Most people would have ignored it. But from the smallest of tendrils, the fastest glimpse of the book of her mind, I could already tell that she was in trouble. MDMA is one of those drugs that promises bliss, and it delivers, but it’s far too easy to try prolong it past the lifetime that it offers.
Willow’s mind was a mess. Half-blissed out, half-panic, ranting about angels and demons and martyrdom, and laced through all of it, do I want to die or not I don’t know I don’t know I don’t know.
I put my unlit cigarette away. I’d been here dropping off a fare – pure chance, really – and recognized the striking blonde of her hair. Poor thing. I’d pulled enough (discreetly, and with no shortage of guilt) from her head the last time we’d run into each other for me to know exactly who she was.
I squatted down in front of her. “Hey. Can you hear me?”
“Mm.”
“I’ll take that as a yes. Do you remember me?”

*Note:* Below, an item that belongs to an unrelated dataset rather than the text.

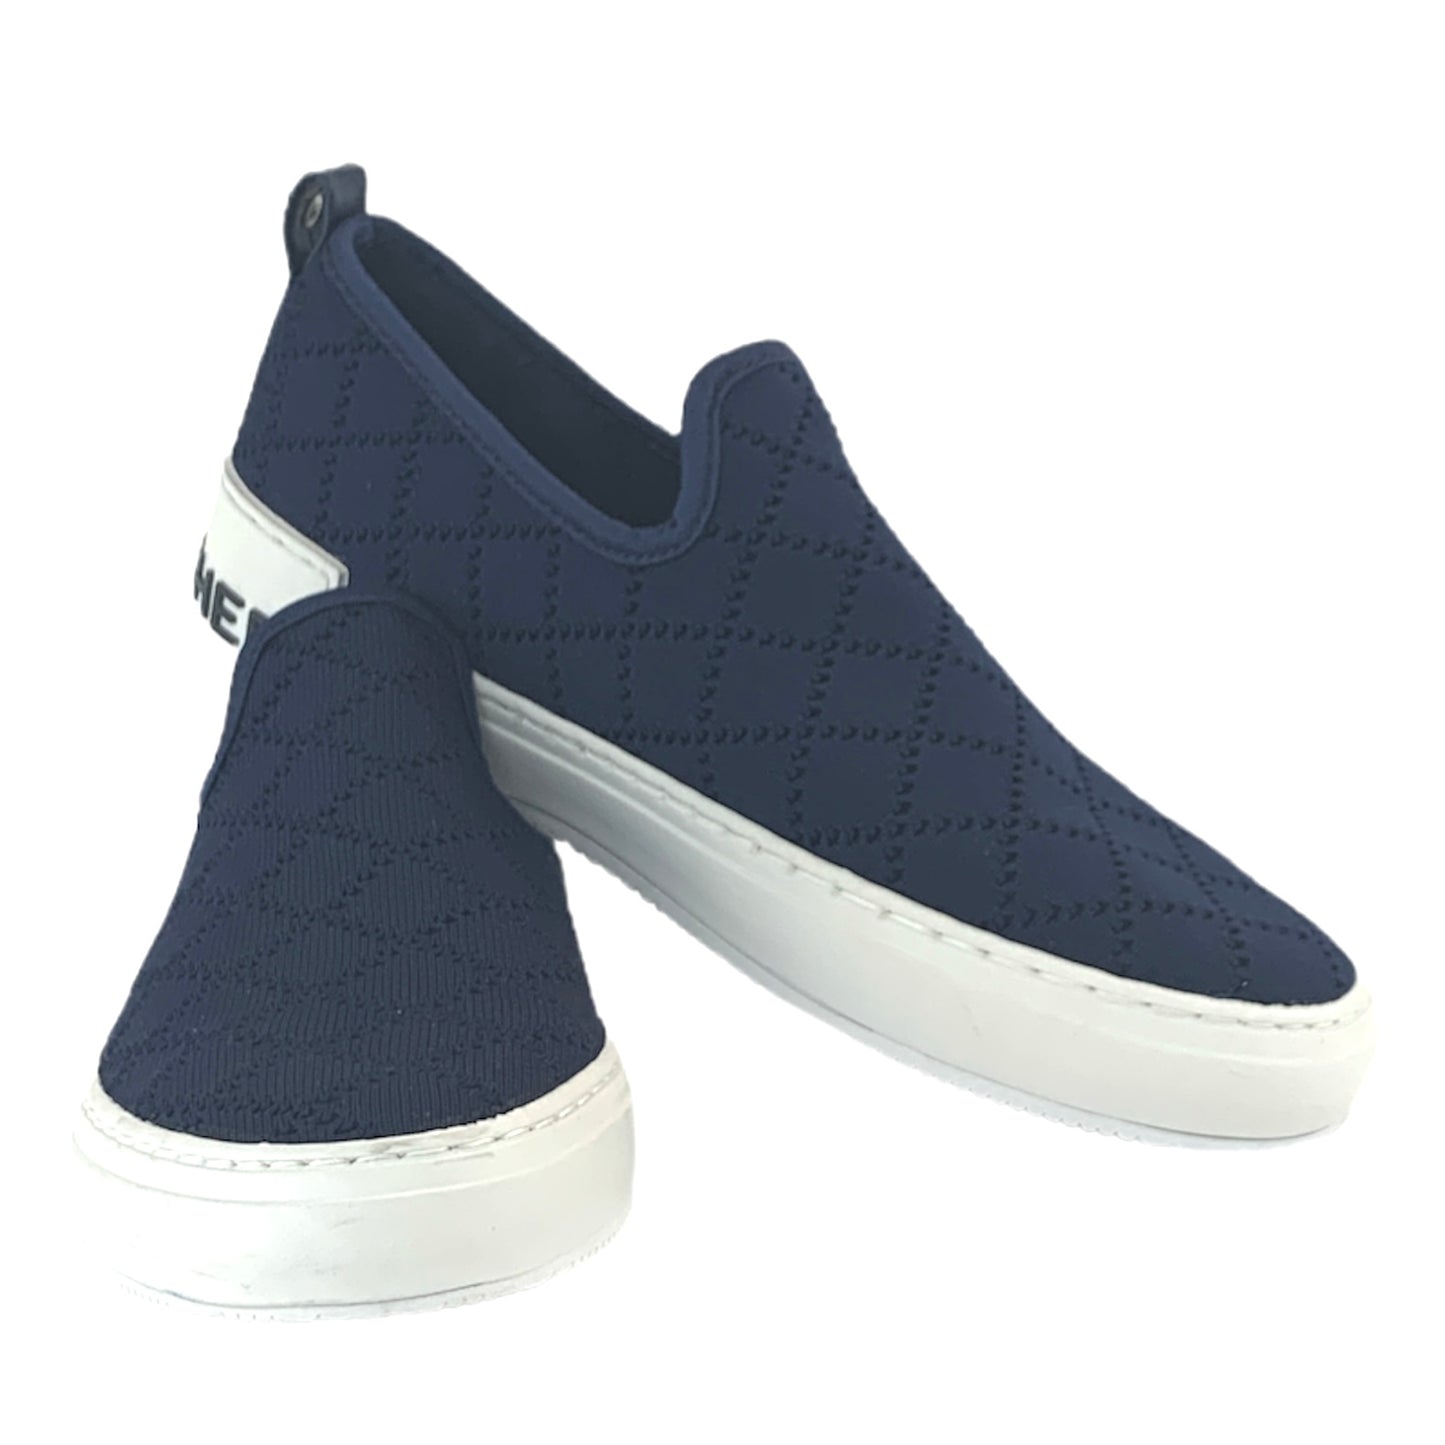 Slip On Low Top Knit Comfort Shoes Women's Fashion Sneakers
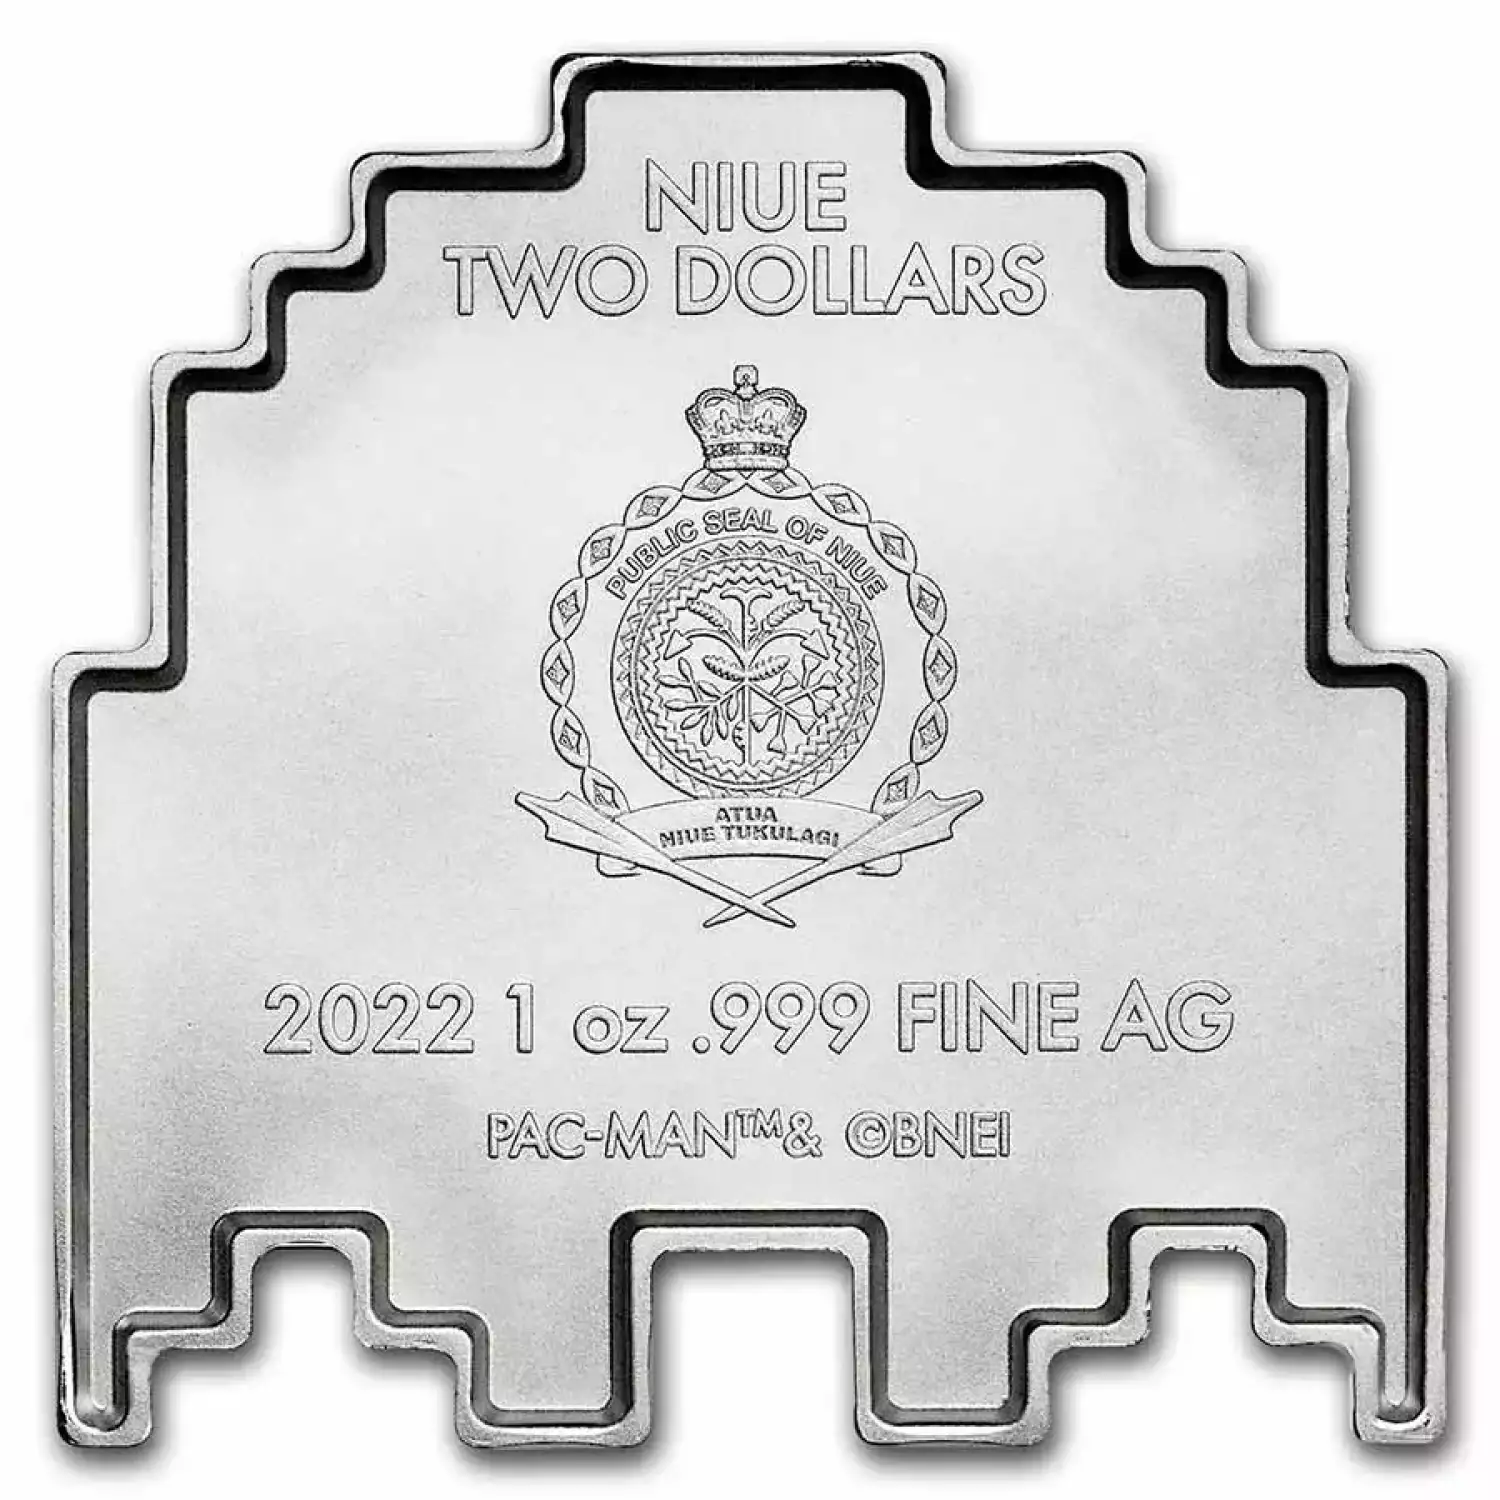 2022 Niue 1 oz Silver $2 PAC-MAN™ GHOST Shaped Stackable Coin (2)

“Mm. S-sorta.” Then she looked up at me, and wrinkled her nose. “Oh. Anglerfish boy.”
“Not a boy.” Beat. “Anglerfish?”
She just shook her head, lost in something that I couldn’t see. “…Thirsty.”
I touched her arm. She was burning up. “Yeah, looks like you’ve ODed.”
“Fuck. Again. Alright.”
Again? I sighed, trying not to feel frustrated that my attempted intervention last time had just ended up back here. People took… patience.
No, not that simple, or that trite. Trauma took patience. One of the upsides of our powers – the one that Will and I shared, among others – was that I knew, immediately, that she had been through hell. What kind of hell, only the newspaper stories and the lightning-fast images scrolling through her brain could tell me.
Still, I wasn’t really anybody. I was a dumbass twenty-five year old with a taxi and powers that I’d only started learning to accept.
“C’mon. Up, you.” If she hadn’t been a trans girl, or on drugs, I probably would have called the paramedics. Instead, I was gonna have to get creative.
“My name’s Willow.”
“I know, dear.” I managed to get one of her arms around her shoulder; the other hung by her side, fingers tensing and relaxing. “I’ve got a bottle of water in the car. C’mon.”
She grinned, eyes hazy over the bags underneath. “If you’re try’na fuck me there are easier ways.”
“Haha. Afraid not.”
Once I got her into my car, though, I slumped over the steering wheel, trying to decide where I was going to take her.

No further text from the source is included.